Nandan Rao

Nandan Rao

You are reading a post from 25 New Faces of 2013

With his fingerprints on more than a few notable American festival circuit darlings in the last few years, and a distinct visual style that he brings to each project, no matter how disparate, you’d think Nandan Rao would be using his burgeoning reputation as an ace microbudget lenser to get work on bigger and fancier films by other filmmakers. Fact is, he couldn’t care less.

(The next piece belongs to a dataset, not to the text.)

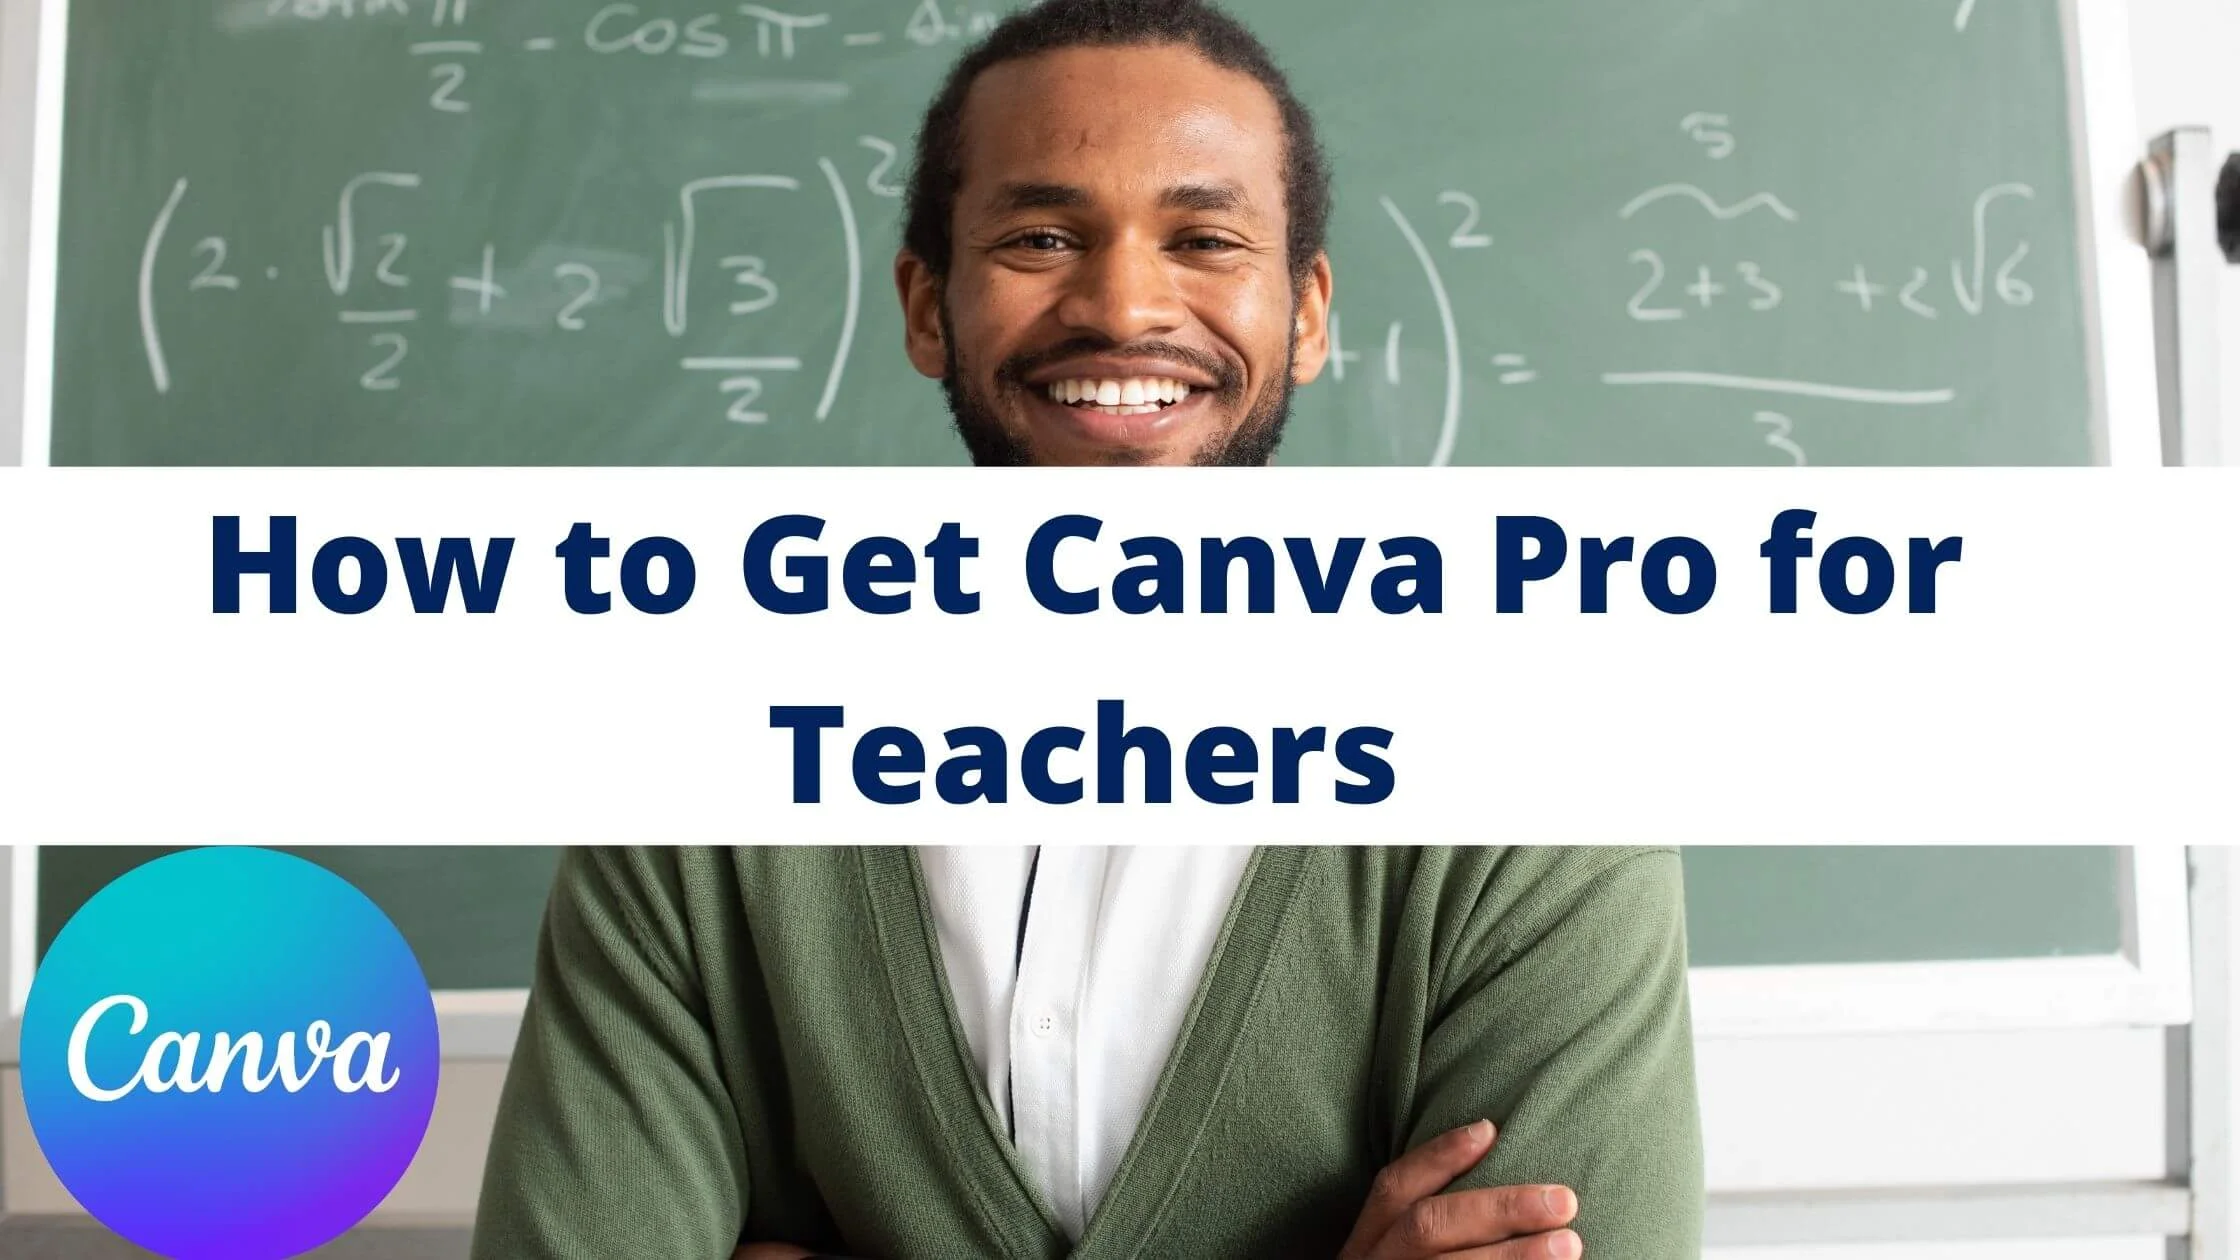 Canva Pro for Teachers

Rao, 26, who first came to attention for photographing Sophia Takal’s breakthrough 2011 feature Green, claims that after shooting his close collaborator Zach Weintraub’s debut Bummer Summer while both were still students at New York University, he wanted to more or less pursue a career as a traditional director of photography. The more he thought about it, however, the less attractive it seemed. “I realized I didn’t like working with people I didn’t like,” said Rao recently from his home in Corvallis, Ore., where he continues to make films with Weintraub and a small coterie of Pacific Northwestern collaborators while working in his family’s real estate company. “I would sit down and talk to someone about a project, and they seemed really cool, but when it actually came down to it they were very conservative, not interested in doing sophisticated things or they just weren’t very good at what they were doing. So I pretty much avoid working with new people. I really like the people I work with already. I have a lot on my plate.”

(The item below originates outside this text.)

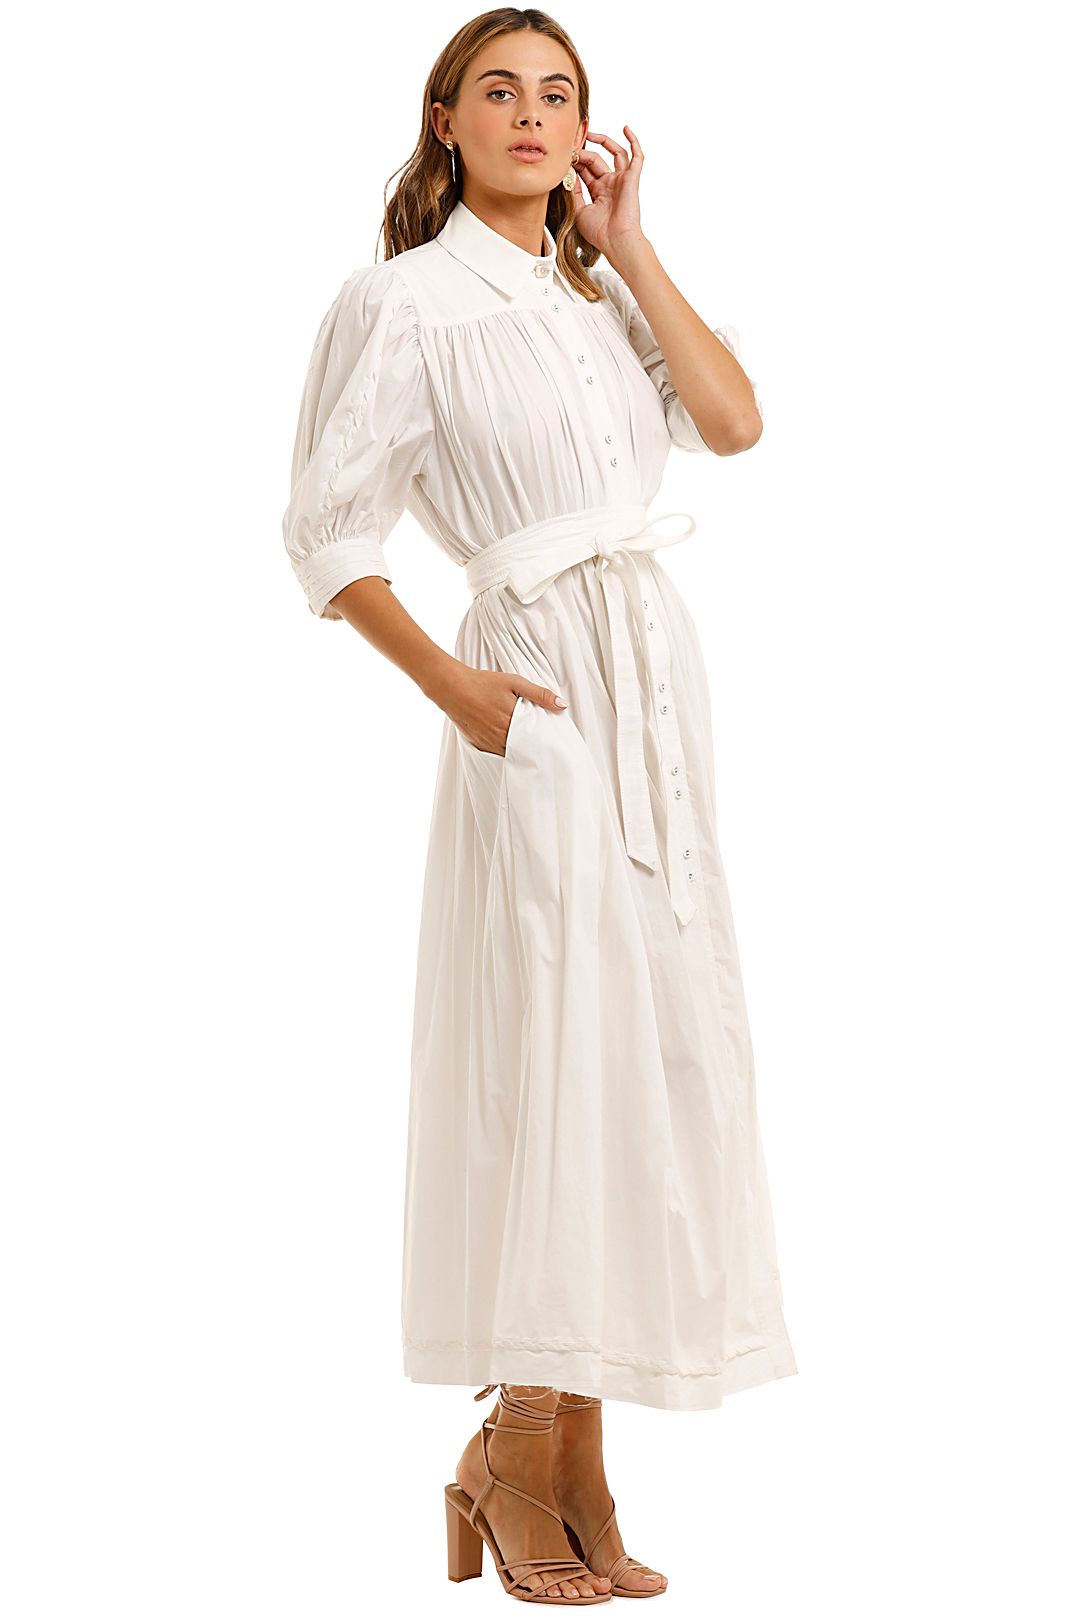 AJE Organic Manifest Dress white belted

That’s an understatement. His own underheralded 2012 directorial debut, The Men of Dodge City (in which Takal and Weintraub star) relies, like his work as a d.p., on the deft manipulation of mise-en-scène and misdirection to tell its story of a European-born kid who sets out to renovate an abandoned Detroit church into an art space with his ragtag group of friends. Purposefully shot in unflattering available light, it is a difficult and rewarding movie, one which requires a significant amount of attention, as it delicately parses issues of gentrification, post-collegiate malaise and the value of labor. Rao is in post-production on another film he’s already shot as a director, currently titled Hawaiian Punch, while also getting set to collaborate again on new directorial efforts by Weintraub (Jawbreaker) and Takal (Always Shine). Most recently, the software-savvy Rao has dipped his toe into the world of distribution with the beta launch of Simple Machine, a startup that Rao describes as “the Airbnb of cinema.”

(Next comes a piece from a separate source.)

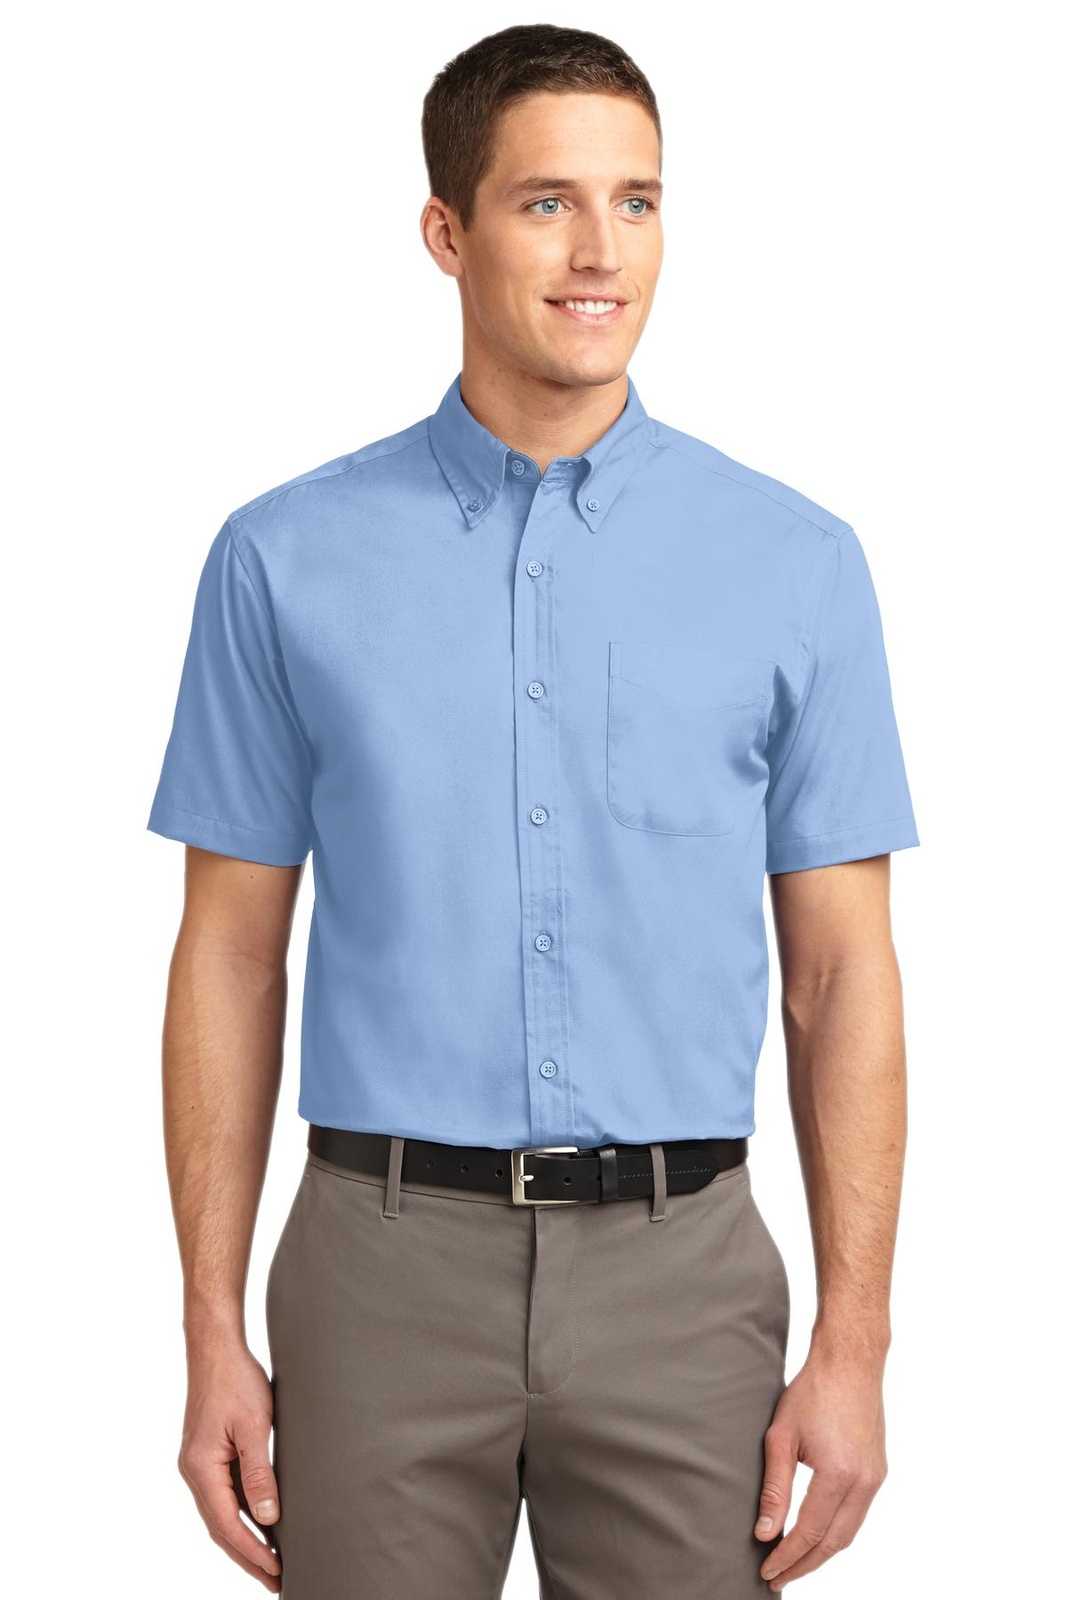 Port Authority S508 Short Sleeve Easy Care Shirt - Light Blue Light Stone - HIT a Double - 1

The site will sign up filmmakers with films on the festival circuit, nontraditional venues that would like to act as single-night or specialty-run screening spaces, presenting them in a searchable database that will allow parties of both ends of the filmmaker/nontraditional exhibitor spectrum to more easily book, schedule and promote screenings. “It’s what we’re most excited about,” Rao claims. “I see these great films at film festivals, and then I go back to a town like Corvallis, and not only has no one ever had a chance to see these films, but they don’t even hear about their existence, or the existence of these filmmakers. We’re trying to bridge the gap between these worlds.”— B.H.